For this task, two datasets are provided, in which dataset A contains the information regarding the request for quote (timestamp, client, volume requested, price quoted by the bank, number of competitors, …), and dataset B contains intraday historical market mid-prices of the bonds for which request for quotes are provided in dataset A
Description of the dataset
Dataset A: rfqs.csv: ● date_time: date and time at which the quote is requested. ● Instrument: the bond for which the customer has requested a price ● client: client code (anonymized) ● price: price quoted to the client by the bank ● mid: market mid-price of the bond captured by the bank's system at the time of the operation ● vol_MM: amount requested by the client (in millions of euros). ● dv01: sensitivity of the bond to variations in its yield (a measure of risk of the bond) ● num_dealers: number of banks from whom the client has requested a quote ● side: 1 if it is buy -1 if it is sell (from the point of view of the bank, not the client) ● won: 0 if the bank did not close the operation, 1 if it did.

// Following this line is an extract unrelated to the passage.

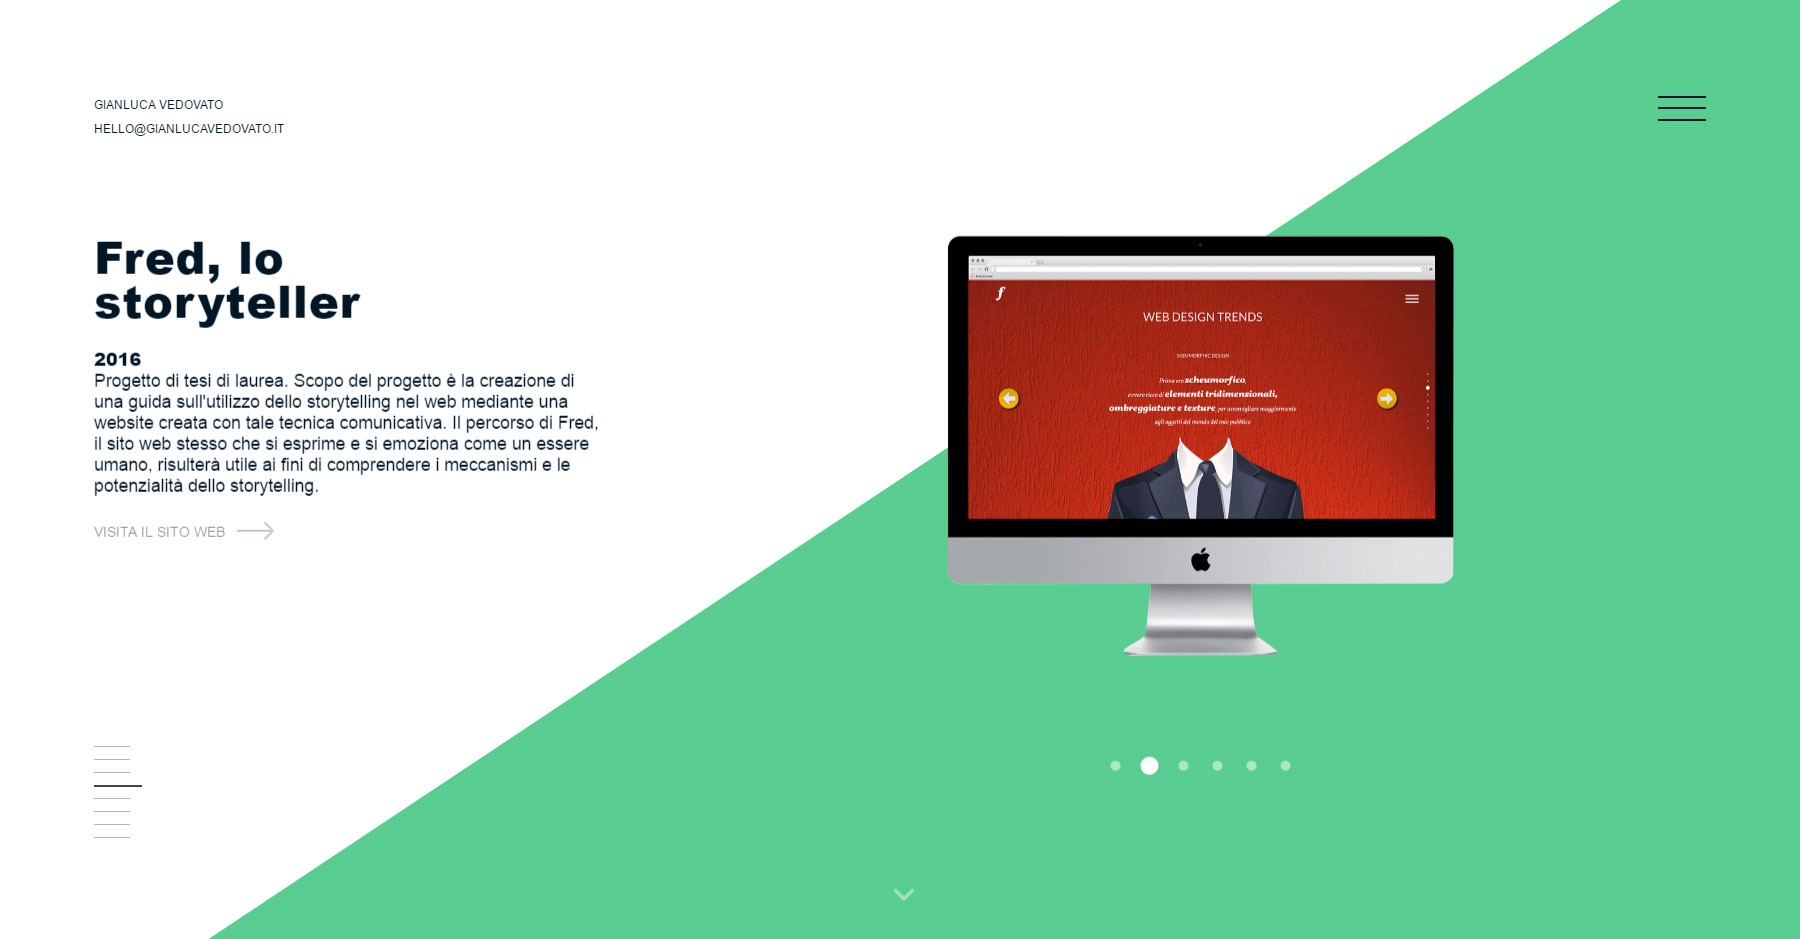 Gianluca Vedovato - Website of the Day
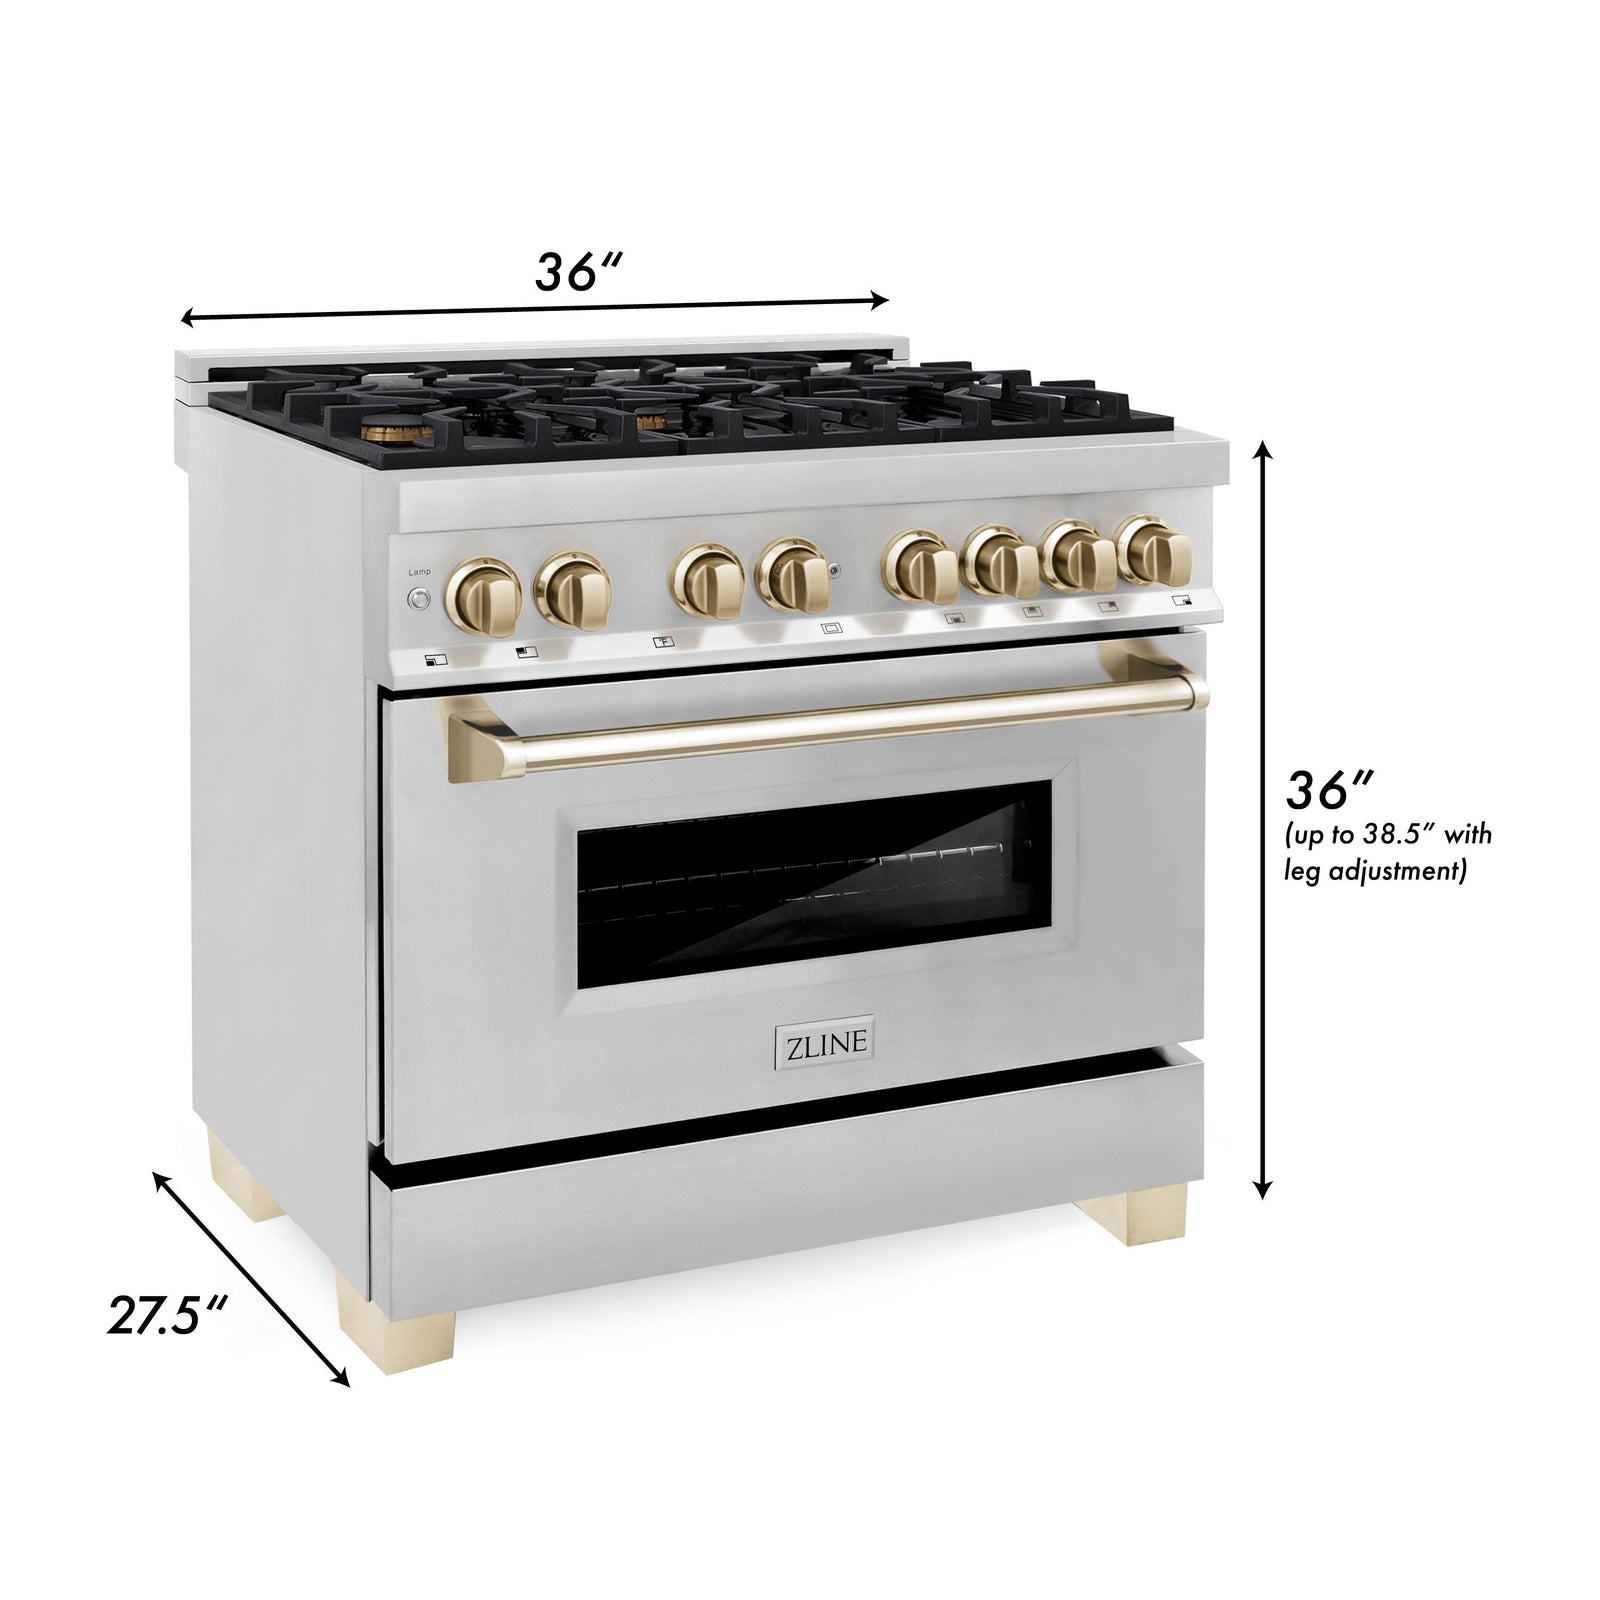 ZLINE Kitchen and Bath Autograph Edition 36 In. Range with Gas Stove and Electric Oven in Stainless Steel with Gold Accent, RAZ-36-G - Smart Kitchen Lab

Dataset B mids.csv: ● date_time: day and time of the market mid-price of the bond ● mid: market mid-price of the bond provided by a data provider with greater reliability than our platform, sampled with a frequency of 5 minutes ● instrument: the bond for which the market price is provided
Exercise: Using these two datasets, build a model that predicts whether the request for quote is going to be won or not by the bank, given the price quoted and other information provided in the datasets or derived from them (feature engineering). Hint: A relevant feature to take into account is the quoted spread. This value is calculated as:
- For a buy: mid - price
- For a sell: price - mid